The NHS’s appetite for action plans and strategies – frequently with a side order of task and finish groups, alongside a veritable buffet of governance structures – often seems insatiable. But when it comes to cybersecurity, the service is attracting flack for being too slow to get stuck in.
It is now a full year since WannaCry ransomware hit a third of England’s NHS trusts, not to mention 595 GP practices. Appointments were cancelled. Operations too. Some of the most severely-affected hospitals had to divert ambulances to other institutions. Formally speaking, the incident lasted a full week: NHS England declared a major incident on Friday 12 May 2017, and didn’t stand down its response until the following Friday.
Few healthcare professionals or NHS employees will have pleasant memories of that time. And so if there was a situation which warranted a good action plan, this would seem to be it.
There has certainly been no shortage of post-mortems. They began with a October 2017 report from the National Audit Office (NAO), which concluded the health service had failed to adequately respond to repeated warnings about cybersecurity.
“It was a relatively unsophisticated attack and could have been prevented by the NHS following basic IT security best practice,” commented Amyas Morse, head of the NAO, at the time. “There are more sophisticated cyber threats out there than WannaCry so the Department [of Health and Social Care] and the NHS need to get their act together to ensure the NHS is better protected against future attacks.”
In was perhaps partly in that spirit that Will Smart – chief information officer for the health and social care system – penned his own review on lessons learned from WannaCry, published in February 2018.
It featured 22 recommendations; some relating to national action (the appointment of a national chief information and security officer and a dedicated cyber security lead, for instance) and some local (appointing a board lead on data security, and ensuring regular review of cybersecurity risks is consistently on the board agenda).
Ask members of parliament if they are pleased with the progress made against these recommendations, however, and the answer is a definite no. In February, members of the public accounts committee (PAC) heard that every single trust had failed assessments against the Cyber Essentials Plus Standard. Many failed simply because they had not patched software: despite this being a clear vulnerability that was exploited by WannaCry.
MPs also heard that there was no concrete picture of how much it would cost to implement Smart’s 22 recommendations – or, indeed, when they might be implemented. Meg Hillier, the chair of the PAC, characterised the situation as “alarming”.
Said the MP for Hackney South and Shoreditch: “Government must waste no time in preparing for future cyber-attacks – something it admits are now a fact of life. It is therefore alarming that, nearly a year on from WannaCry, plans to implement the lessons learned are still to be agreed.”

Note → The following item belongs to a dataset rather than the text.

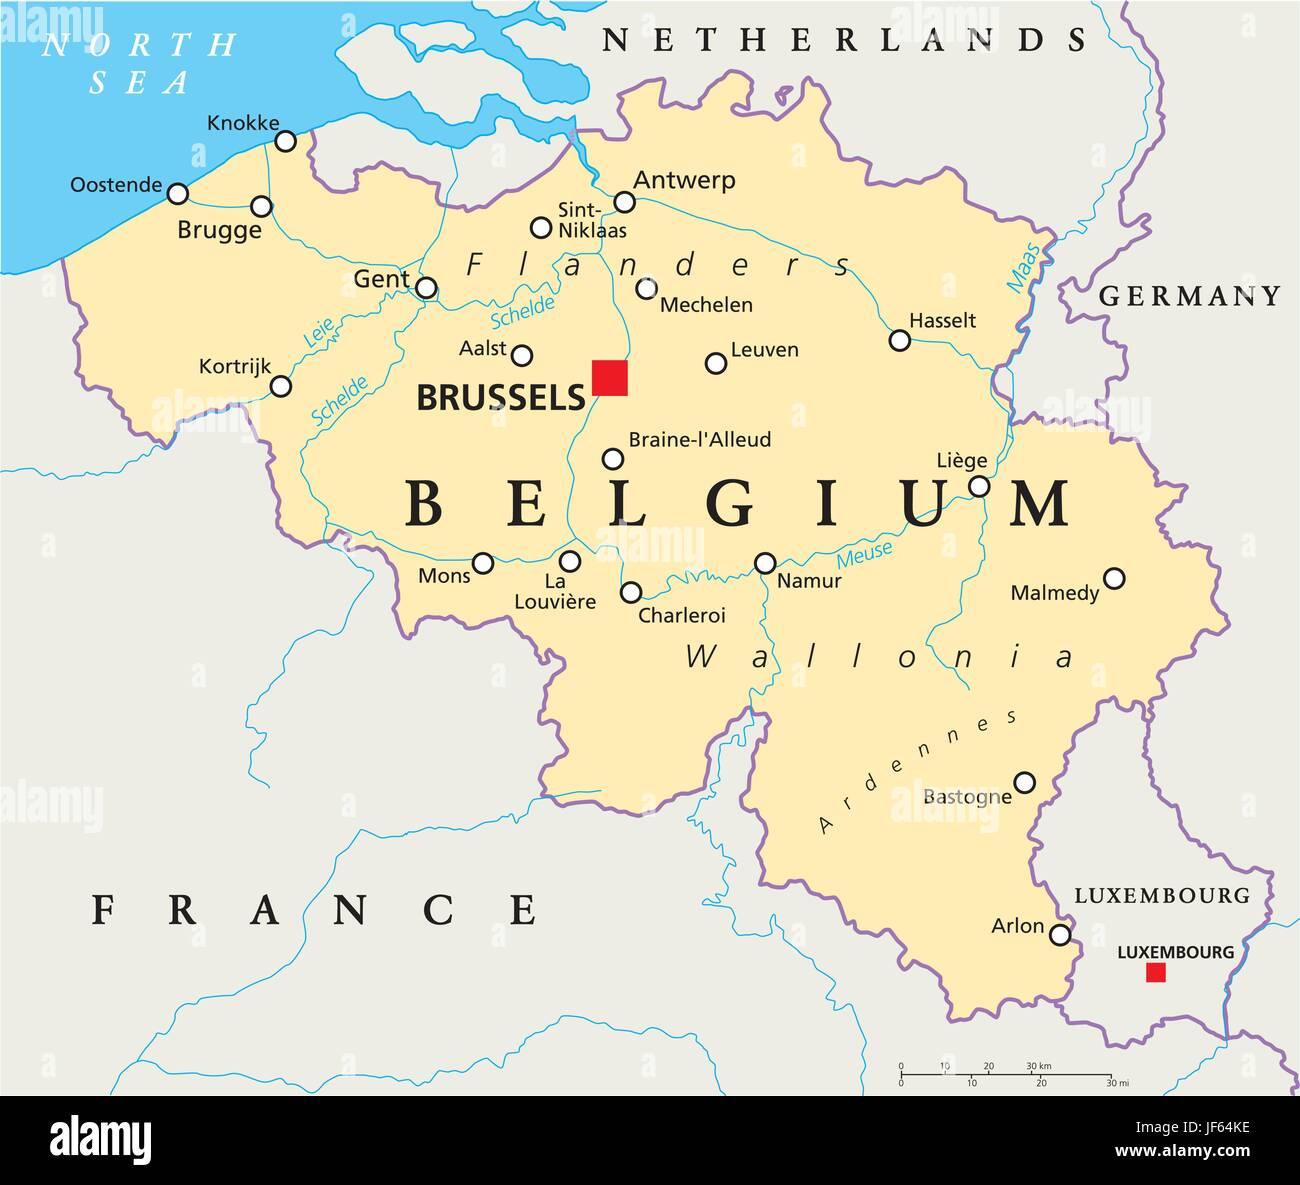 belgien br ssel benelux antwerpen karte atlas weltkarte reisen vektor abbildung bild. Black Bedroom Furniture Sets. Home Design Ideas

There is little doubt that there is a role for national NHS bodies to play here, not least through addressing finance issues (extra funding has been promised to bolster the health service’s cybersecurity efforts). But, equally, the service is not one organisation: it’s hundreds of individual ones, all with individual strengths and failings. And each will need to address its own literal and metaphorical cybersecurity weaknesses.
Patching is a sensible place to start, as is capitalising on the newly-announced national deal enabling all NHS organisations to use Windows 10. Smart’s suggestion that cybersecurity should become part of regular board discussions seems a valuable one, and something which should be relatively straightforward to address.
Deeper discussions need to be happening within IT departments, of course, and also involve chief clinical information officers. Some discussions might involve consideration of broader changes which could bolster cyber resilience, including a potential move to cloud and away from infrastructure and software which can become quickly dated and resource-heavy to update.
In June, the public accounts committee will once again play host to the national figures trying to improve the NHS’s cybersecurity. Whether they will by this point have developed an action plan to satisfy MPs remains to be seen. But the cyber risk is likely to intensify rather than go away, the need to bolster defences is undeniable, and much of the ability to take action lies in local hands.